25$ 2000 miles used and it would have worked if i could have just moved the exhaust a bit


----------



## turbomonkeyexpress (Nov 26, 2004)

you can move the exhaust a bit...


----------



## sl33pyb (Jan 15, 2007)

i moved the exhaust a bit but its still not enough


----------



## turbomonkeyexpress (Nov 26, 2004)

cut and weld maybe? if it's not worth the trouble / cost of that, just go and buy the right piece.


----------



## Audi4u (Jun 29, 2002)

The sway bar was designed for the exhaust going straight dow the center of the car. 
You would need to change the fuel tank and the exhaust just to get everything to work right.


----------



## sl33pyb (Jan 15, 2007)

if i dumped the exhaust under the car or out the side ide be fine.


----------



## 2000 vrsiiick (May 10, 2006)

*Re: (sl33pyb)*

or maybe a GTI rsb... same size as the R32 and it fits fine...


----------



## turbomonkeyexpress (Nov 26, 2004)

*Re: (sl33pyb)*


_Quote, originally posted by *sl33pyb* »_if i dumped the exhaust under the car or out the side ide be fine.

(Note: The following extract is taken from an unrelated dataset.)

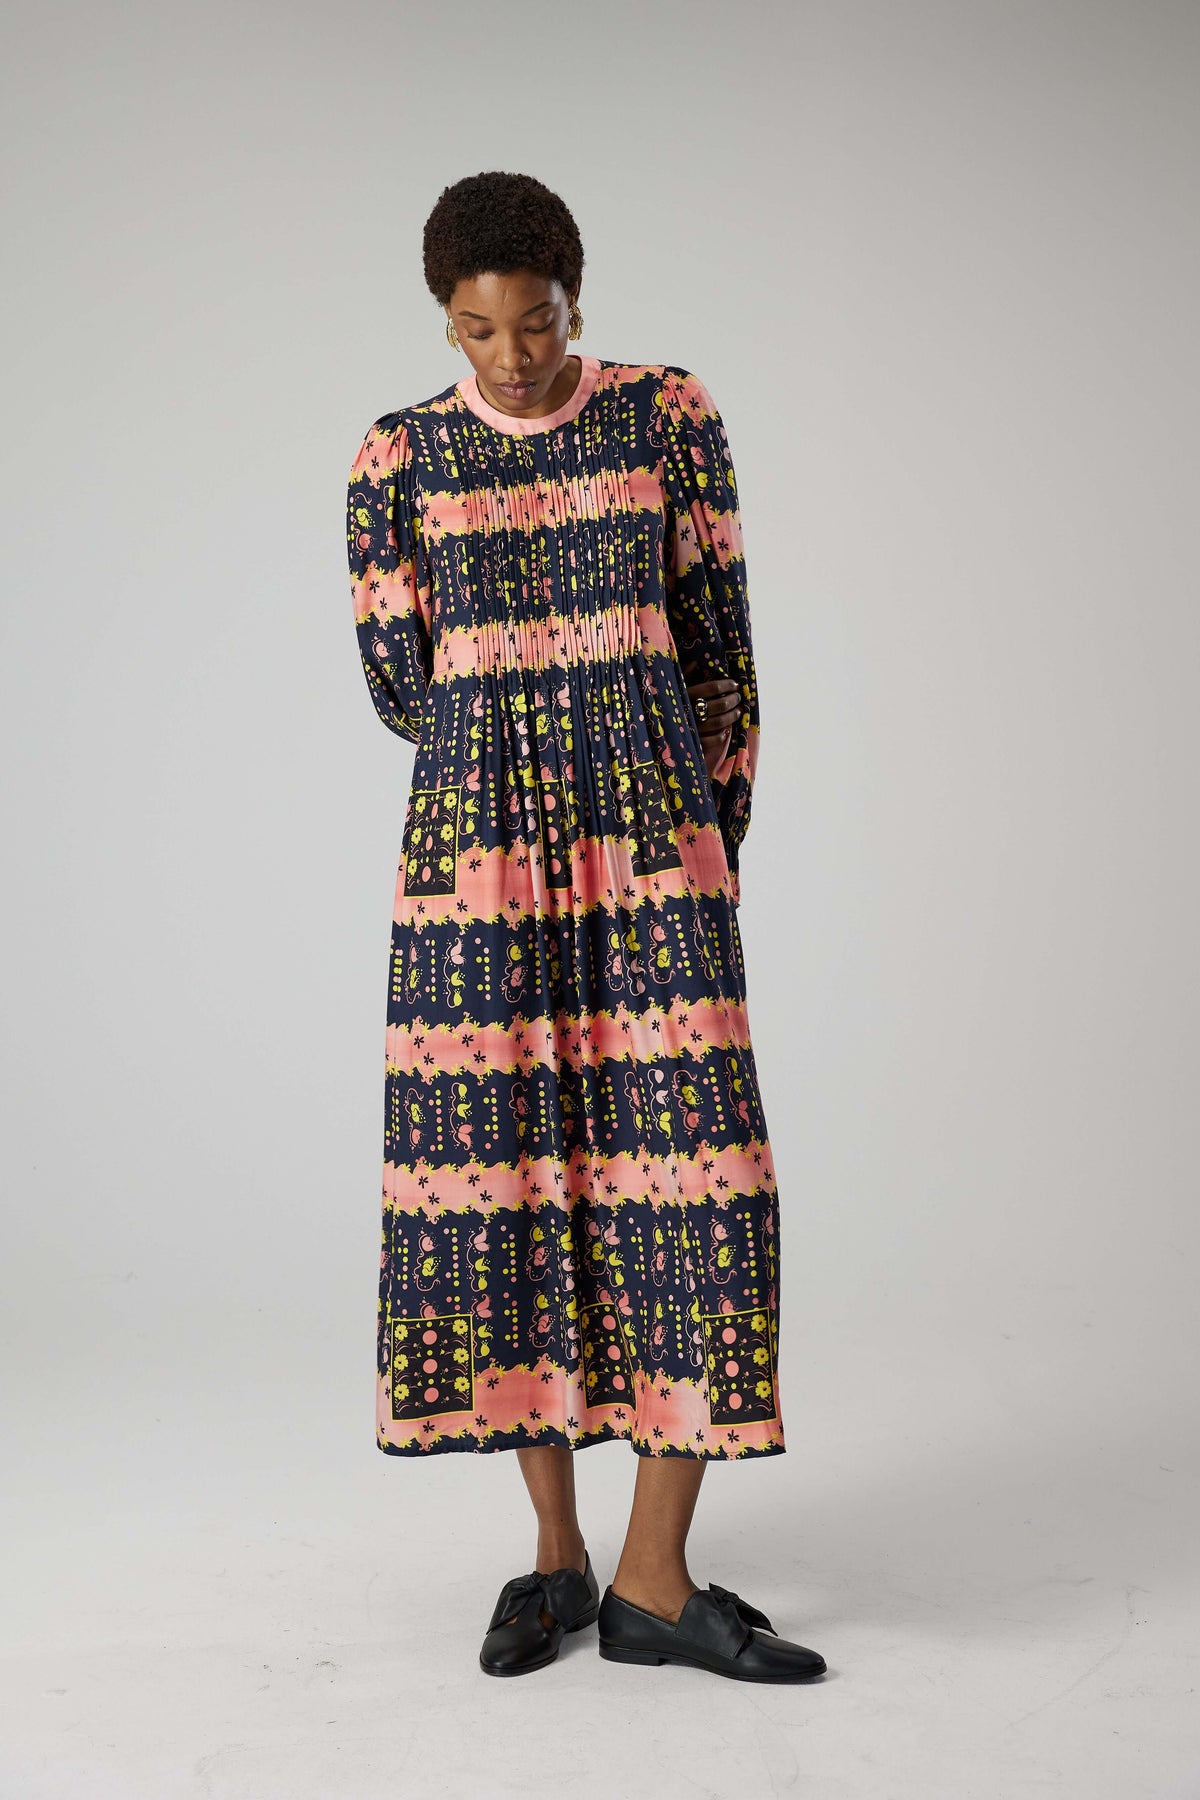 Thelma dress in Esoteric print

Rule of thumb, Don't make a more costly or permanent modification, revolve around a cheaper or less pertinent modification. Smaller Modifications should compliment larger modifications. 
Get your exhaust right, and how you'd like it, then make things work around that. 




_Modified by turbomonkeyexpress at 9:12 PM 7-27-2008_


----------



## vince557 (Feb 18, 2006)

*FV-QR*

the gti rsb was a good improvement over the stock rabbit one. got mine for free for trading a can of plastidip lol


----------